APPEAL OF THE SOVIET GOVERNMENT
“The detachments at Gatchina, deceived by Kerensky, have laid down their arms and decided to arrest Kerensky. That chief of the counter-revolutionary campaign has fled. The Army, by an enormous majority, has pronounced in favour of the second All-Russian Congress of Soviets, and of the Government which it has created. Scores of delegates from the Front have hastened to Petrograd to assure the Soviet Government of the Army’s fidelity. No twisting of the facts, no calumny against the revolutionary workers, soldiers, and peasants, has been able to defeat the People. The Workers’ and Soldiers’ Revolution is victorious….
“The Tsay-ee-kah appeals to the troops which march under the flag of the counter-revolution, and invites them immediately to lay down their arms—to shed no longer the blood of their brothers in the interests of a handful of land-owners and capitalists. The Workers’, Soldiers’ and Peasants’ Revolution curses those who remain even for a moment under the flag of the People’s enemies….
“Cossacks! Come over to the rank of the victorious People! Railwaymen, postmen, telegraphers—all, all support the new Government of the People!”
APPENDIX TO CHAPTER X
1.
DAMAGE TO THE KREMLIN
I myself verified the damage to the Kremlin, which I visited immediately after the bombardment. The Little Nicolai Palace, a building of no particular importance, which was occupied occasionally by receptions of one of the Grand Duchesses, had served as barracks for the yunkers. It was not only bombarded, but pretty well sacked; fortunately there was nothing in it of particular historical value.
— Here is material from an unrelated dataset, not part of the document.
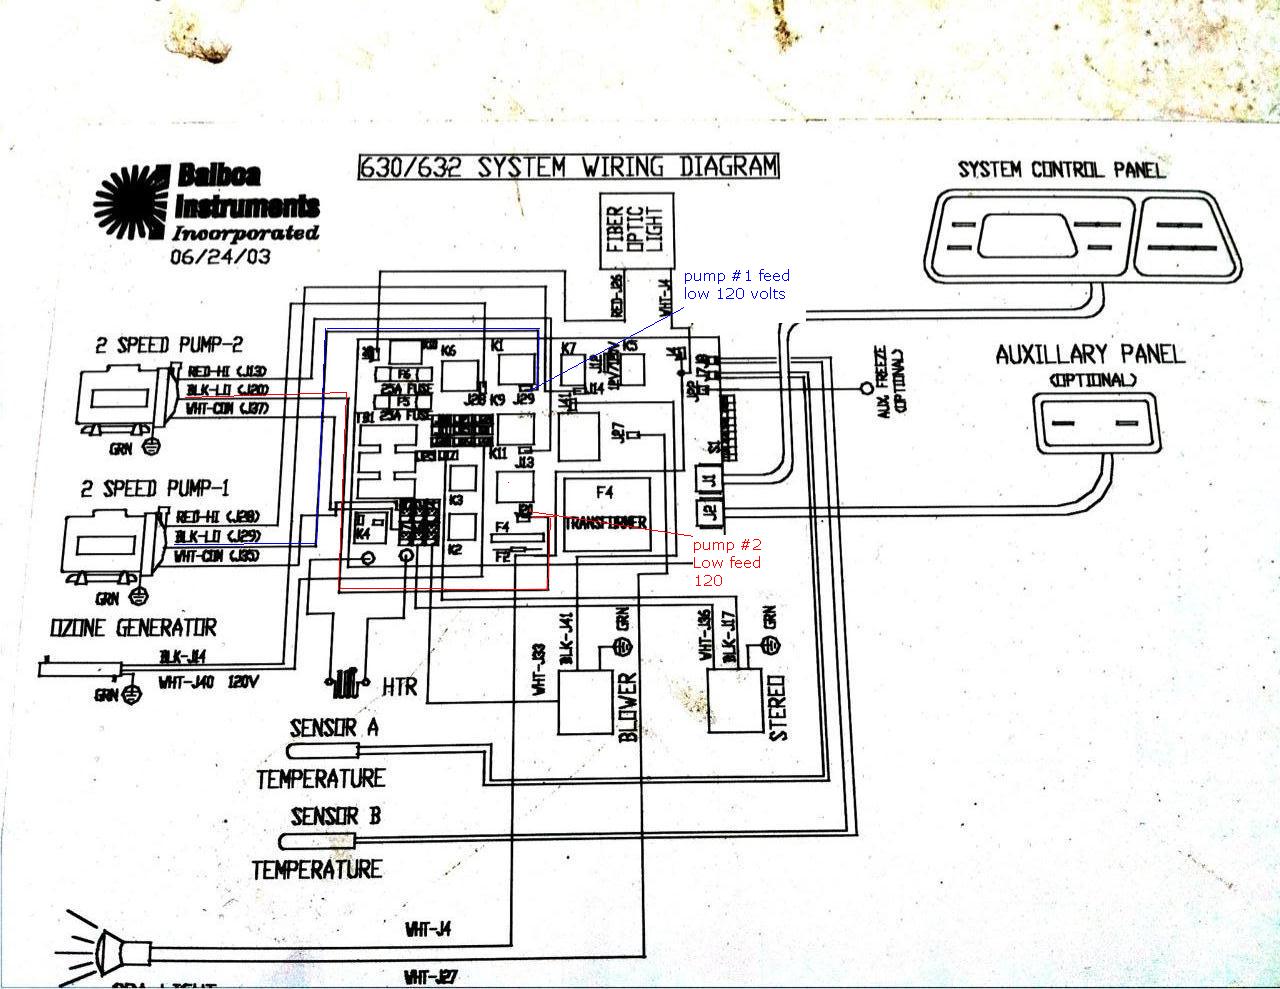 jacuzzi model essence r574 wiring diagram

Usspensky Cathedral had a shell-hole in one of the cupolas, but except for a few feet of mosaic in the ceiling, was undamaged. The frescoes on the porch of Blagovestchensky Cathedral were badly damaged by a shell. Another shell hit the corner of Ivan Veliki. Tchudovsky Monastery was hit about thirty times, but only one shell went through a window into the interior, the others breaking the brick window-moulding and the roof cornices.